● ABOUT THIS EXERCISE
For this exercise, retype all the data exactly and exclude every image.

● COLLECTED MATERIAL
::::

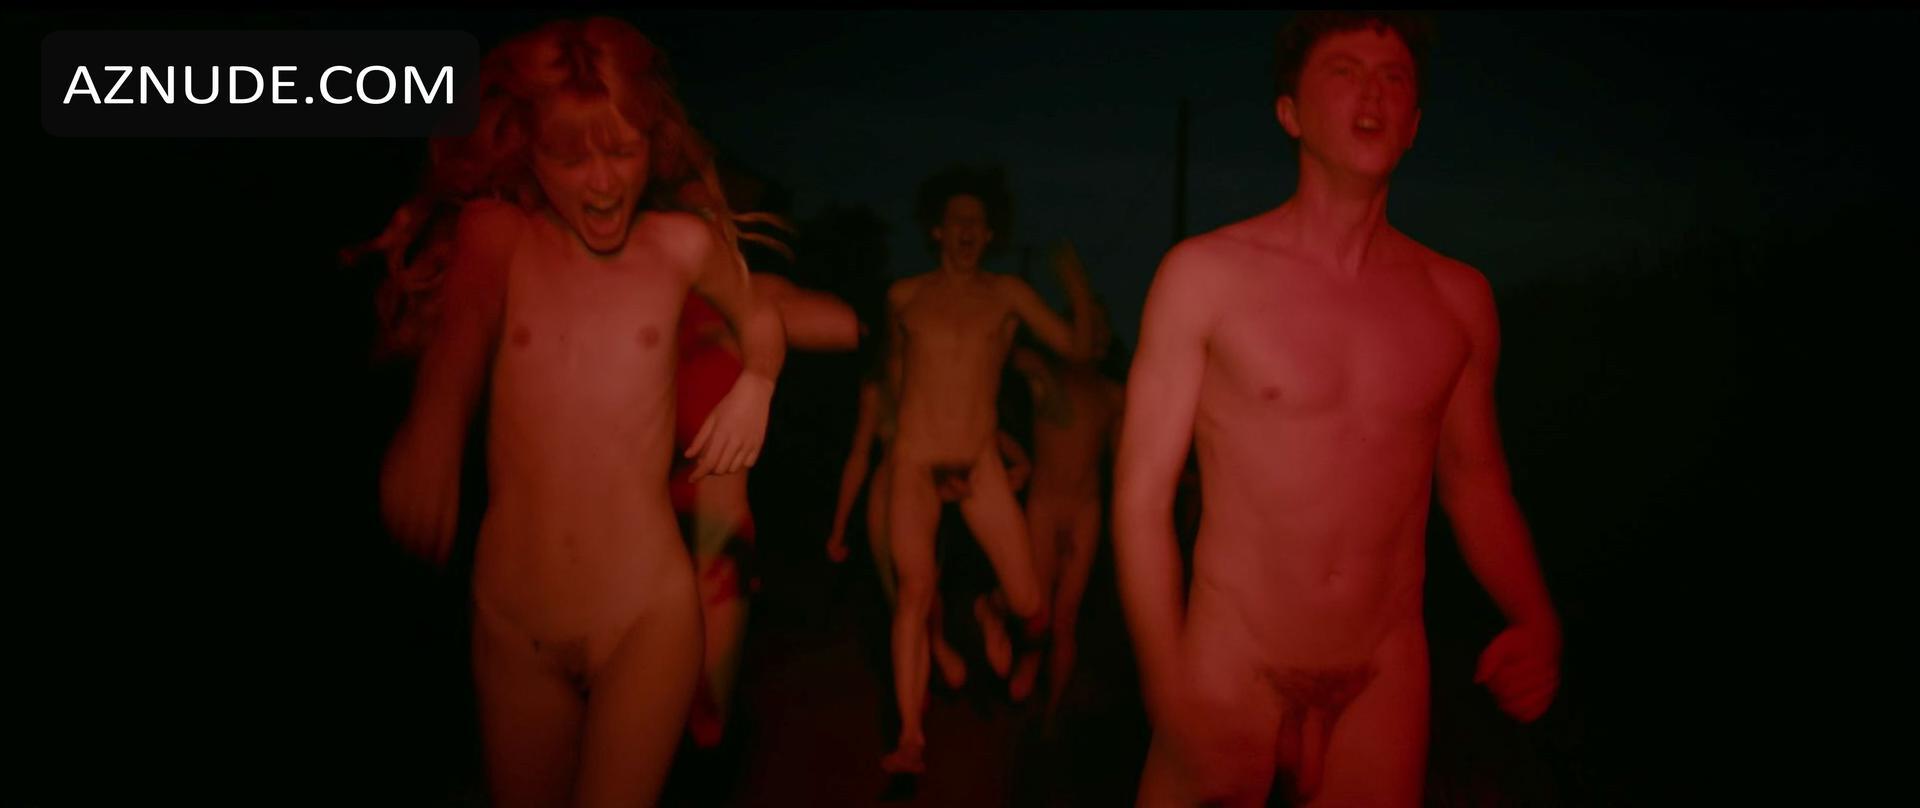 Sex street gang video pic
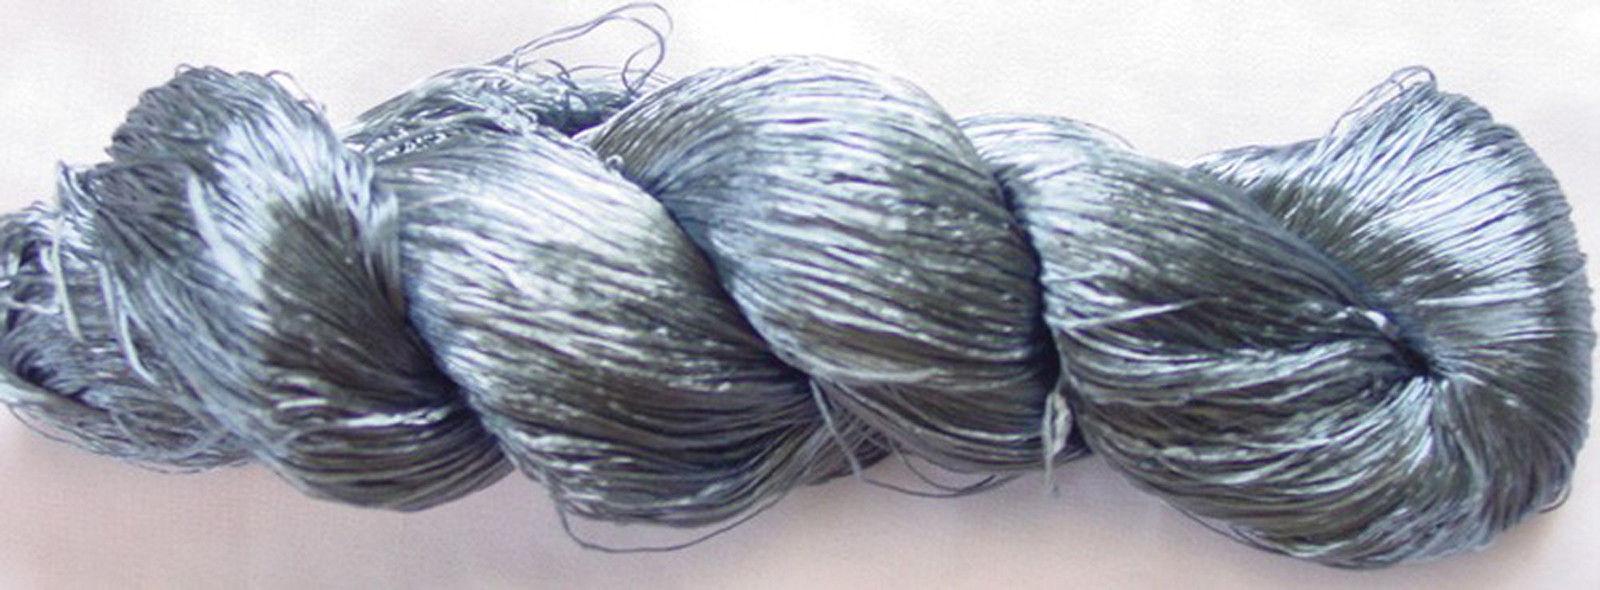 New Silk 1 PLY Skeins Yarn Lace Crochet 115g Woven Thread Knit Work Sari Fabric
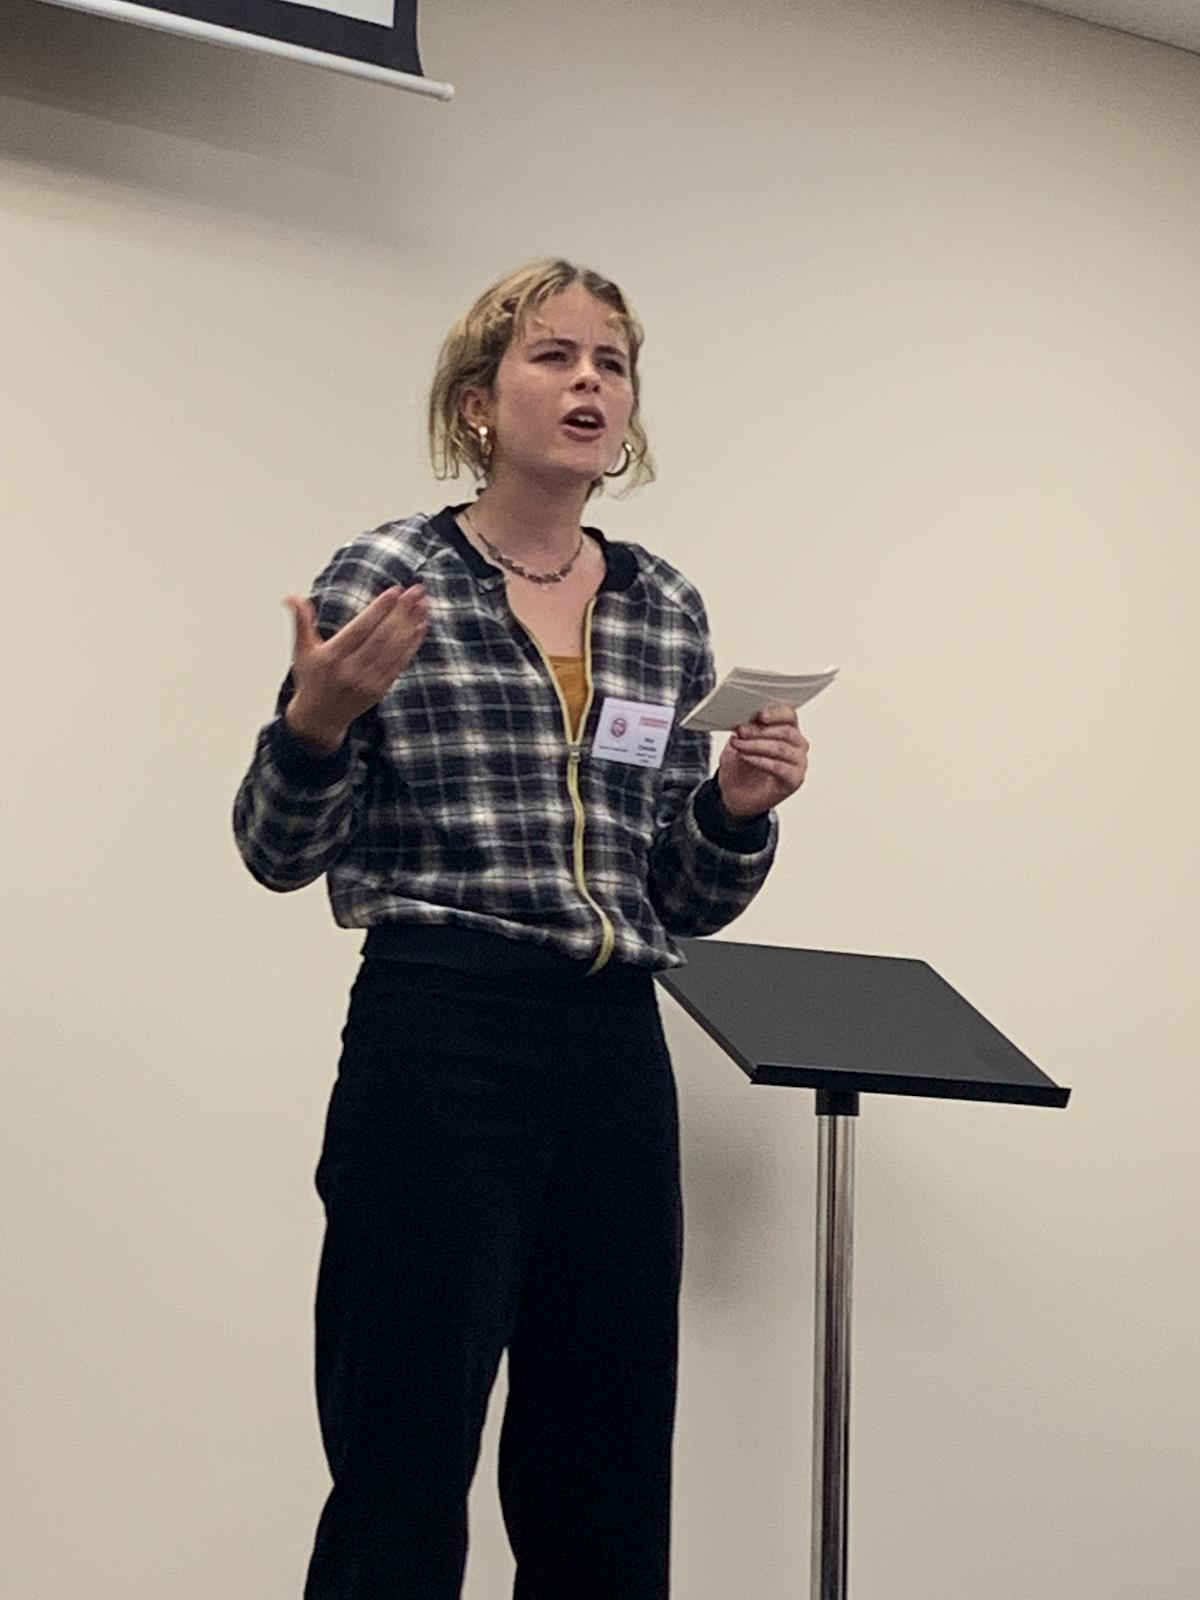 NCW 2nd place speech winner – Isobel Christie

::::

● REPLY
 Sex street gang video pic
 New Silk 1 PLY Skeins Yarn Lace Crochet 115g Woven Thread Knit Work Sari Fabric
 NCW 2nd place speech winner – Isobel Christie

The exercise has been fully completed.